Early season aphid activity in 2019
Prolonged exposure to low winter temperatures are known to have lethal and sub-lethal effects on populations of M. persicae which, in Scotland, overwinters as larvae or apterous adults. Poor over-winter survival delays the build-up of populations of this species in the forthcoming growing season. Prior to 2011, SASA has used the mean temperatures for January and February to predict when M. persicae will become active in the summer. In 2011, following an extremely cold December 2010, SASA predicted early season aphid activity has been based on the mean temperatures during the three-month period of December-February. We intend to continue to use the model based on the three month period.
During winter 2018-19, the mean temperatures were well above the mean over the last 50 years: 5.1°C at SASA (Edinburgh; mean = 4.0°C) and 4.1°C at JHI (Dundee; mean = 3.7°C). These winter temperatures rank the 9th warmest from the last 51 years at Edinburgh and the 21st warmest from the last 53 years at Dundee. Based on these figures, the predictions for the first flight of M. persicae is 1 June at Edinburgh (average date of first catch is 14 June) and 9 June at Dundee (average date of first catch is 13 June). Therefore, M. persicae activity in 2019 is expected to commence 1 to 2 weeks earlier than in an average summer.
In 2018, the first M. persicae at Edinburgh was recorded on 6 July, 21 days later than the average date of first catch and 15 days later than predicted. The first M. persicae at Dundee was recorded on 15 June, 1 day earlier than the average date and 8 days earlier than predicted. First arrival dates for both sites were well within the 75% confidence limits of predictions.
The predictions for the Potato aphid Macrosiphum euphorbiae, Rose-Grain aphid Metopolophium dirhodum and the Grain aphid Sitobion avenae are provided by Rothamsted Research and are based on mean temperatures over January and February 2019 (Table 1).

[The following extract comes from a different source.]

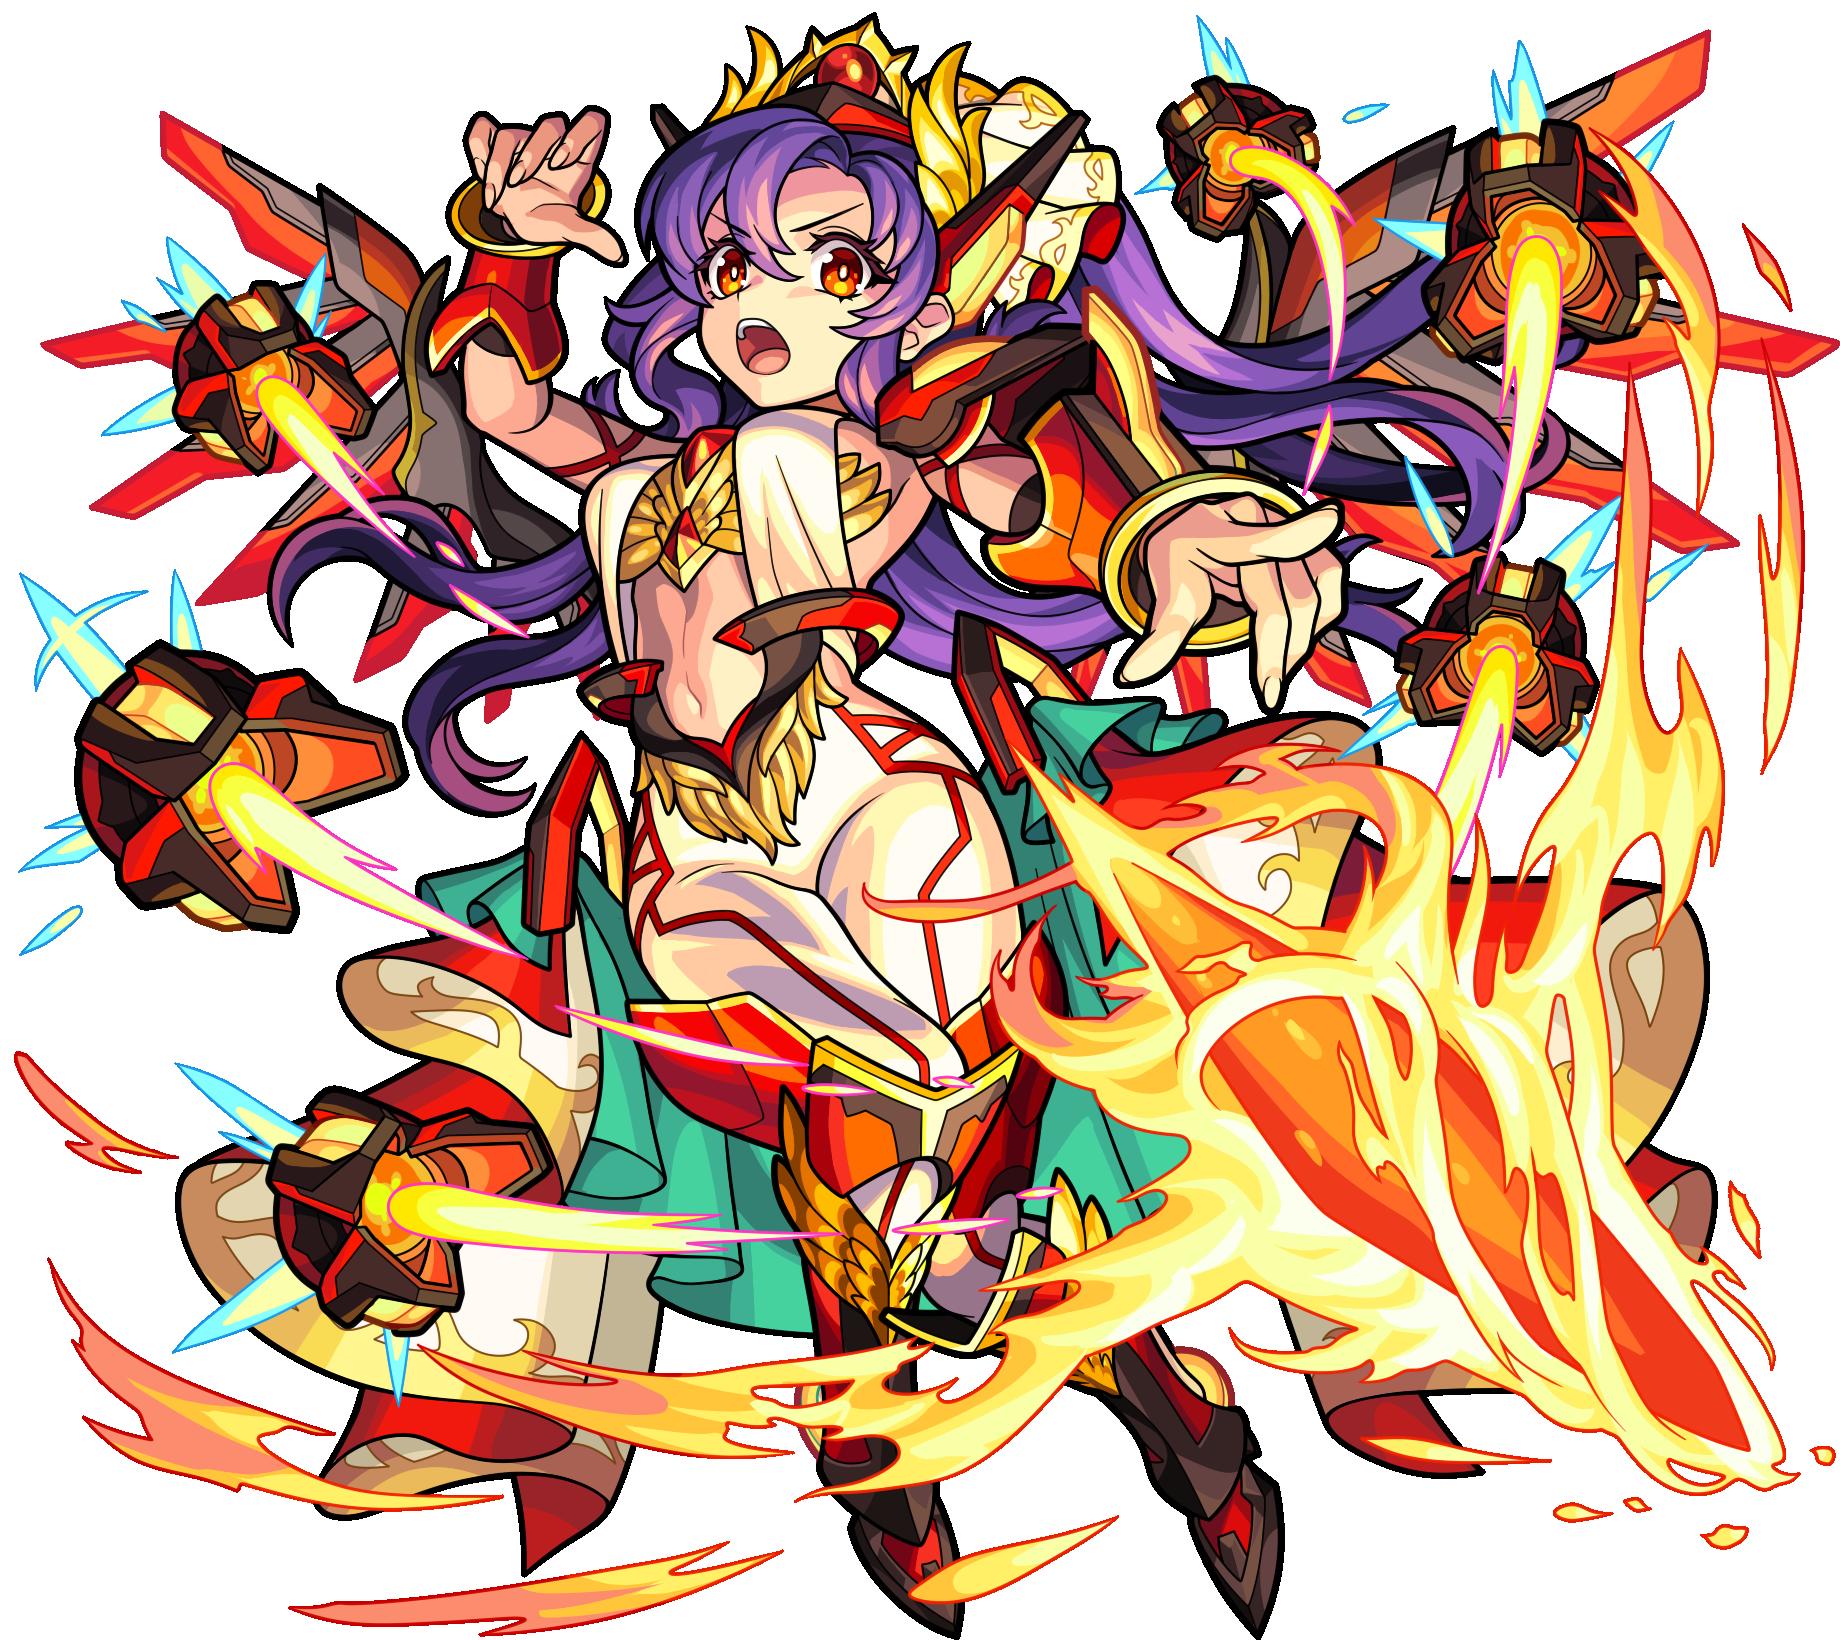 火属性 ★6 新たな光明を創造せし太陽神 アポロ (獣神化・改後)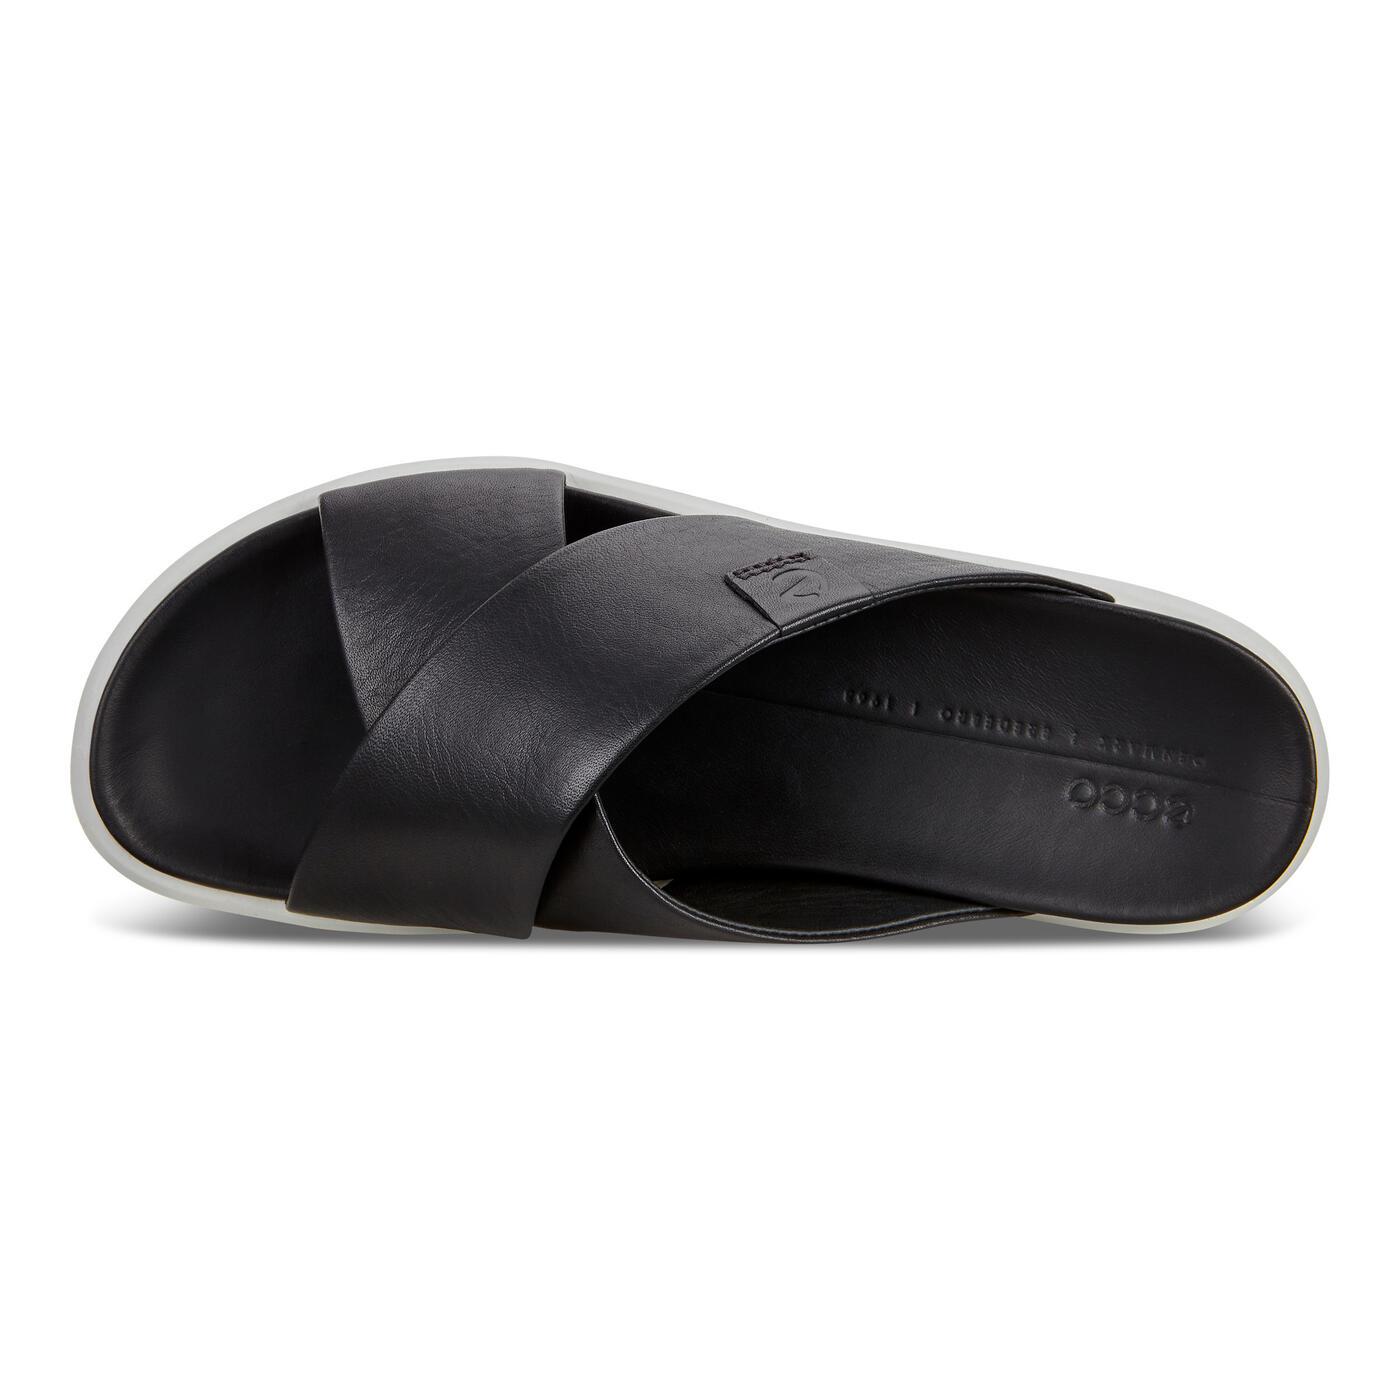 Sandale à enfiler ECCO Flowt LX Slide pour femmes

|2019 Prediction||75% Confidence Limits||2018 Obs'n||
|Myzus persicae||1 June||8 May - 19 June||6 July||28 May|
|Macrosiphum euphorbiae||20 April - 3 June||25 May||24 April|
|Metopolophium dirhodum||22 April - 10 June||31 May||8 April|
|Sitobion avenae||29 April - 9 June||30 May||7 May|
|Myzus persicae||9 June||14 May - 5 July||15 June||30 April|
|Macrosiphum euphorbiae||2 May - 20 June||24 May||1 May|
|Metopolophium dirhodum||7 May - 23 June||9 May||21 April|
|Sitobion avenae||13 May - 20 June||28 May||23 May|
The moderately warm temperatures over 2018-19 winter, particularly at Edinburgh, indicate that the first flights of M. persicae should be 1 to 2 weeks earlier than on average, and at least 1 week earlier than in 2018. Consequently, population levels have the potential to develop to levels that could significantly threaten the virus health of seed crops. The prediction for the total of M. persicae caught by 31 July is 24 at Dundee and 33 at Edinburgh. The 75% confidence intervals for these predictions are 7 at the lower end for Dundee and 9 at the lower end for Edinburgh, and 81 at the upper for Dundee and 119 at Edinburgh. Therefore, populations of M. persicae could be relatively high during the growing season for potatoes in 2019. Therefore, given the increase in inoculum observed during 2018, there is a significant risk of further leaf roll transmission in potato crops in 2019, presenting a risk for the 2020 crop exhibiting significantly higher levels of leaf roll than the average of 5.5% predicted for 2019.